Hello everyone, I’m having a problem with initializing my model in Jupyter notebooks. I am building a simple model for modeling the spreading of COVID-19, and am using a dataset from The Covid Tracking Project. I have the following model:
def sampleMCMC(data, pop):
# splitting data into infections and time as numpy arrays
dataDeath = data['death'].to_numpy()
time = np.linspace(0,len(data)-1, len(data))
# establishing model
with pm.Model() as model:
# create population number priors
error = pm.Normal('error', mu=0, sigma=pop/1000)
i0 = pm.Poisson('i0', mu=pop/100 + error)
s0 = pm.Deterministic('s0', pop - i0)
# create starting values based on data, does not inform inference but starts at a reasonable value
# start beta as average of positive-to-test and positive-to-population
beta_start = float((data['positive'].iloc[-1]/data['total'].iloc[-1] + data['positive'].iloc[-1]/pop) / 2)
# start gamma as average of recovered-to-positive and recovered-to-population
gamma_start = float((data['recovered'].iloc[-1]/data['total'].iloc[-1] + data['recovered'].iloc[-1]/pop) / 2)
# start rho as average of death-to-positive and death-to-population
rho_start = float((data['death'].iloc[-1]/data['positive'].iloc[-1] + data['death'].iloc[-1]/pop) / 2)
# creating priors for beta, gamma, and rho
beta = pm.InverseGamma('beta', mu=.05, sigma=.5, testval=beta_start)
gamma = pm.InverseGamma('gamma', mu=.047, sigma=.5, testval=gamma_start)
rho = pm.TruncatedNormal('rho', mu=.036, sigma=.1, lower=0, upper=1, testval=rho_start)
# create number of removed based on analytic solution and above parameters
sirRem = pm.Deterministic('sirRem',
pop - ((s0 + i0)**(beta/(beta - gamma)))*
(s0 + i0*tt.exp(time*(beta - gamma)))**(-gamma/(beta - gamma)))
# create number of deaths as a fraction of number of removed
sirDeath = pm.Deterministic('sirDeath', rho*sirRem)
# create variance prior
sigma = pm.HalfCauchy('sigma', beta=4)
# create likelihood with modelled counts and observed counts
obsDeath = pm.TruncatedNormal('obsDeath', mu=sirDeath, sigma=sigma,
lower=0, upper=pop, observed=dataDeath)
# specifying model conditions
step=pm.NUTS(target_accept=.99)
start=pm.find_MAP()
init="advi+adapt_diag"
print(model.check_test_point())
# execute sampling
model_trace = pm.sample(draws=500, tune=500, step=step, start=start, init=init, chains=8)
# plot results
pm.plot_trace(model_trace, var_names=('i0','beta','gamma','rho','sigma'))
pm.plot_posterior(model_trace, var_names=('i0','beta','gamma','rho','sigma'))

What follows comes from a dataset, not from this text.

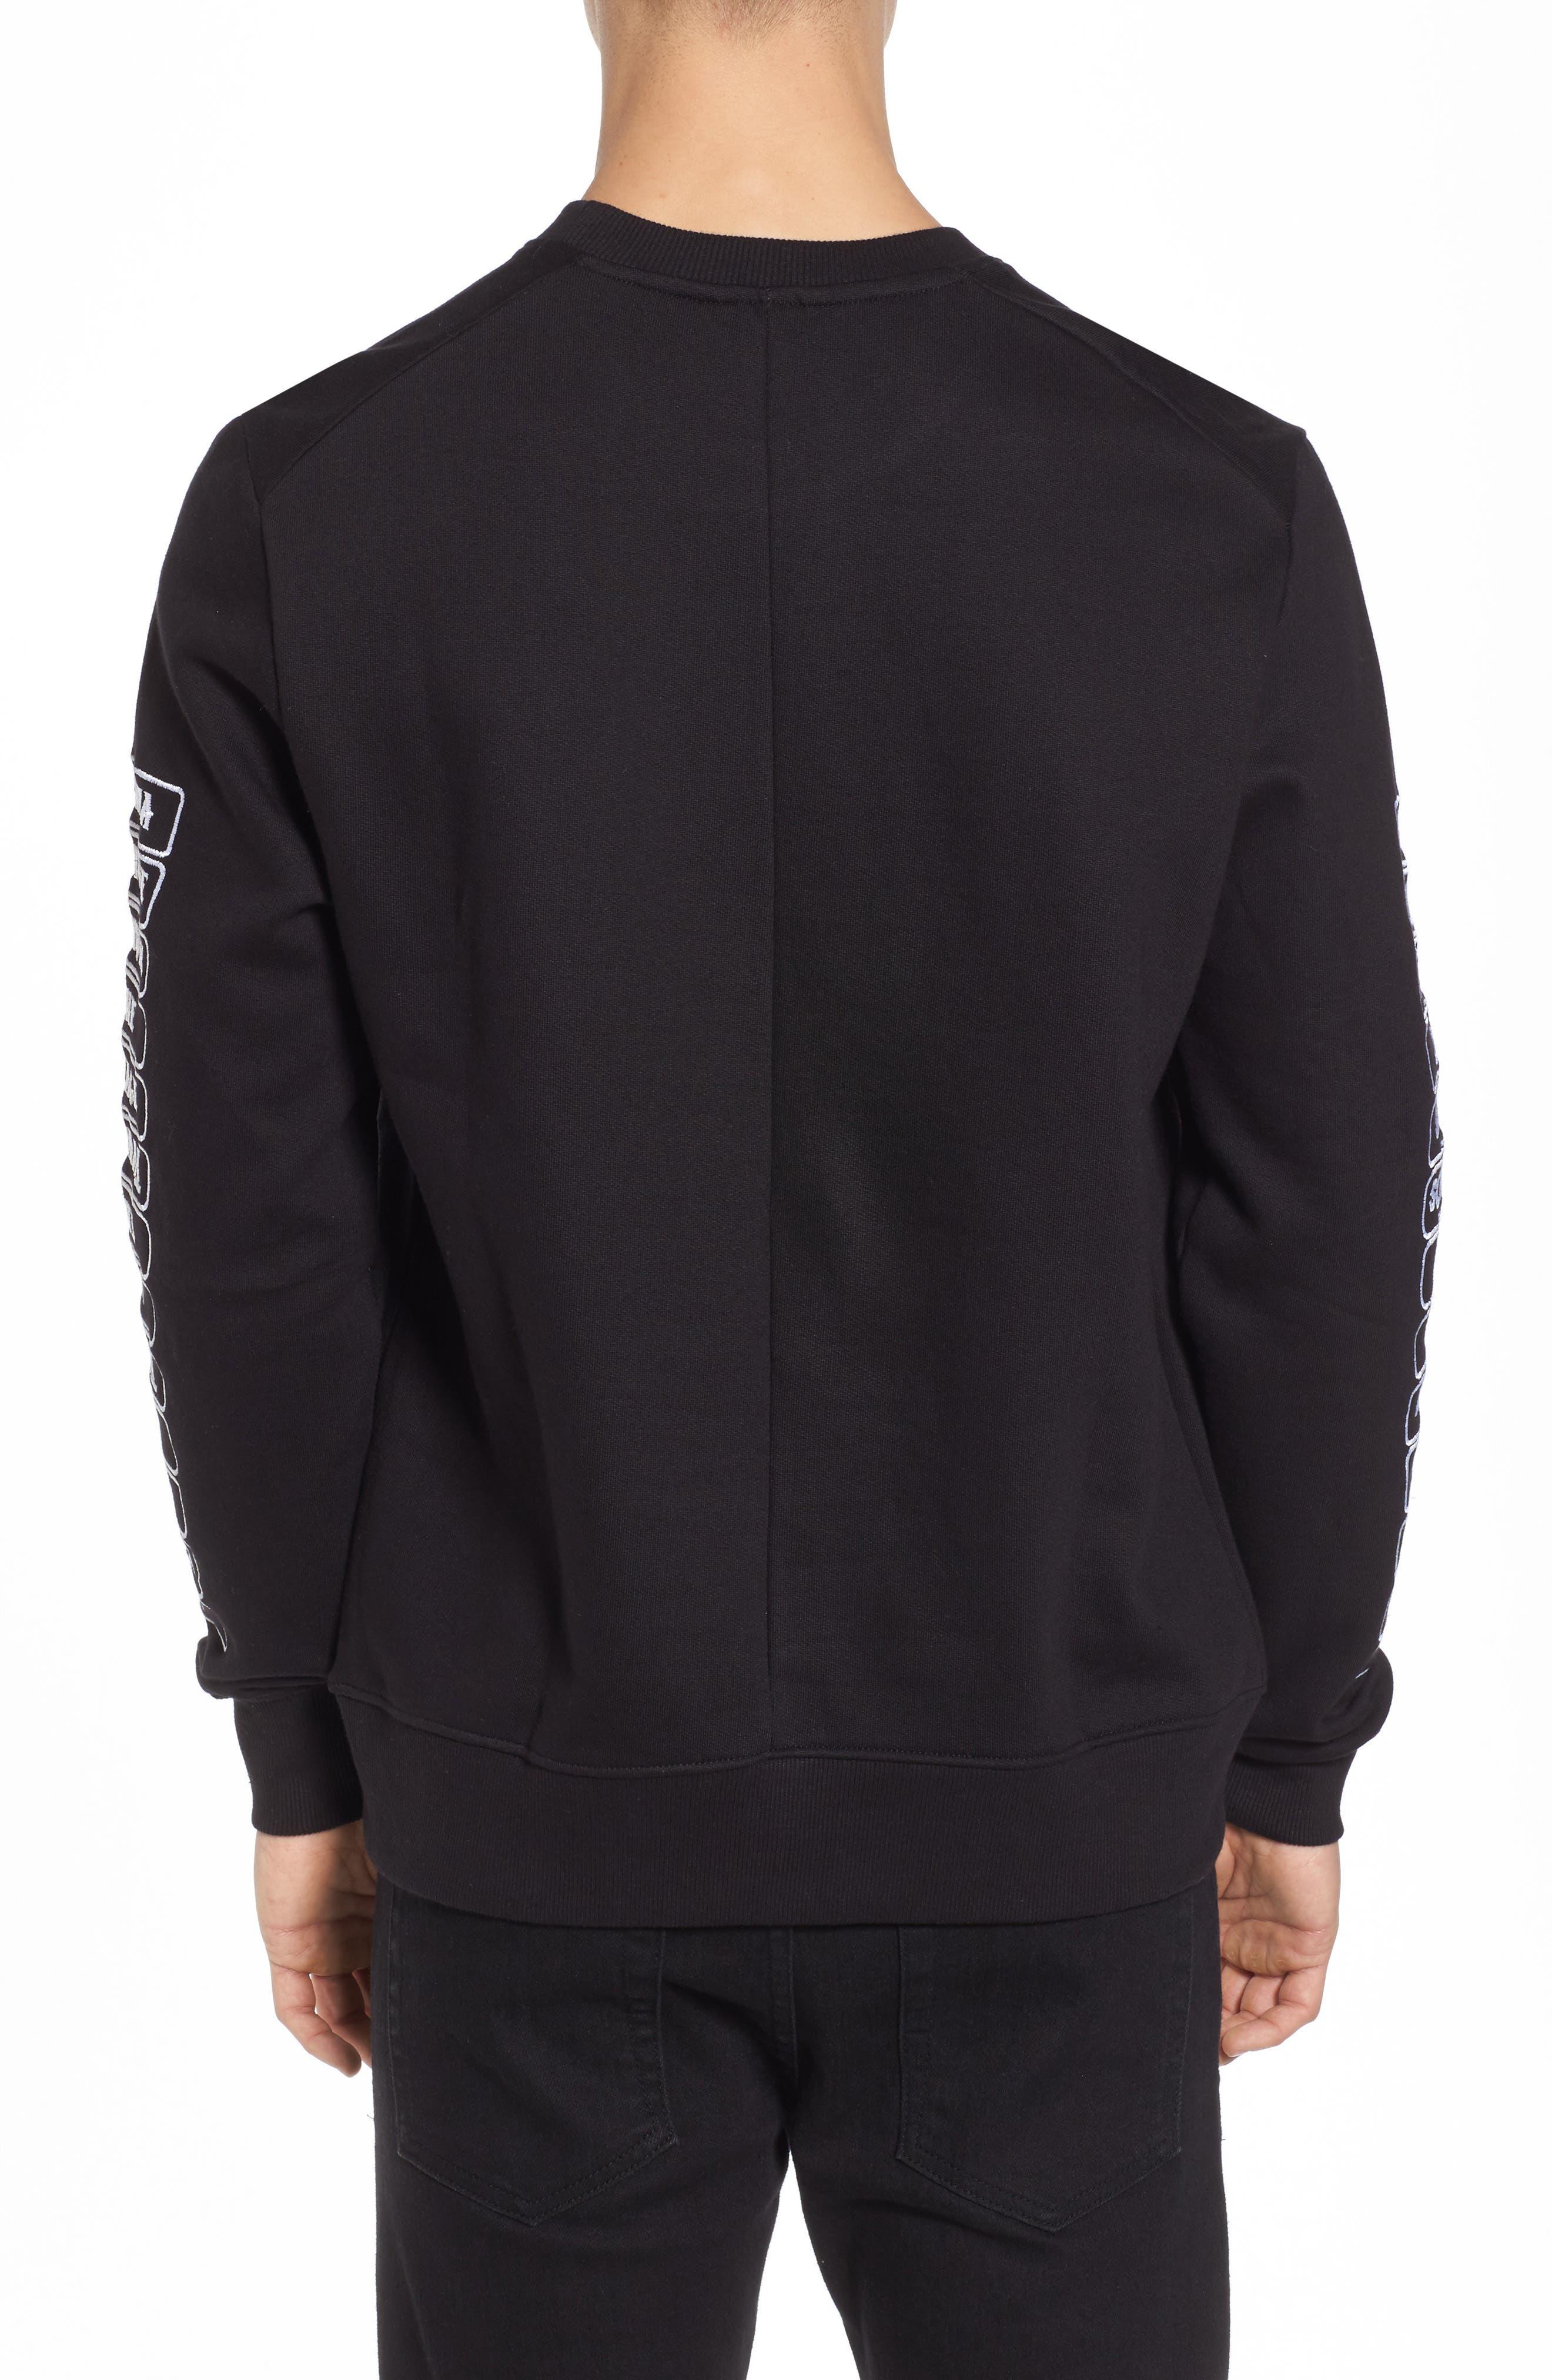 Meace Fleece Sweatshirt,                             Alternate thumbnail 2, color,                             002

# return posterior samples and other information
return model_trace
This is the most recent of many many many iterations, and I’m quite happy with how it’s performing on data for about half the states in the US. For many of the other states, however, I get stuck in the following place:
I find this error really weird because none of my variables themselves are nan, but I get that “logp = nan” next to the progress bar. I’m at a loss for why this doesn’t work for some states. It works like a charm for others.
Any help would be greatly appreciated!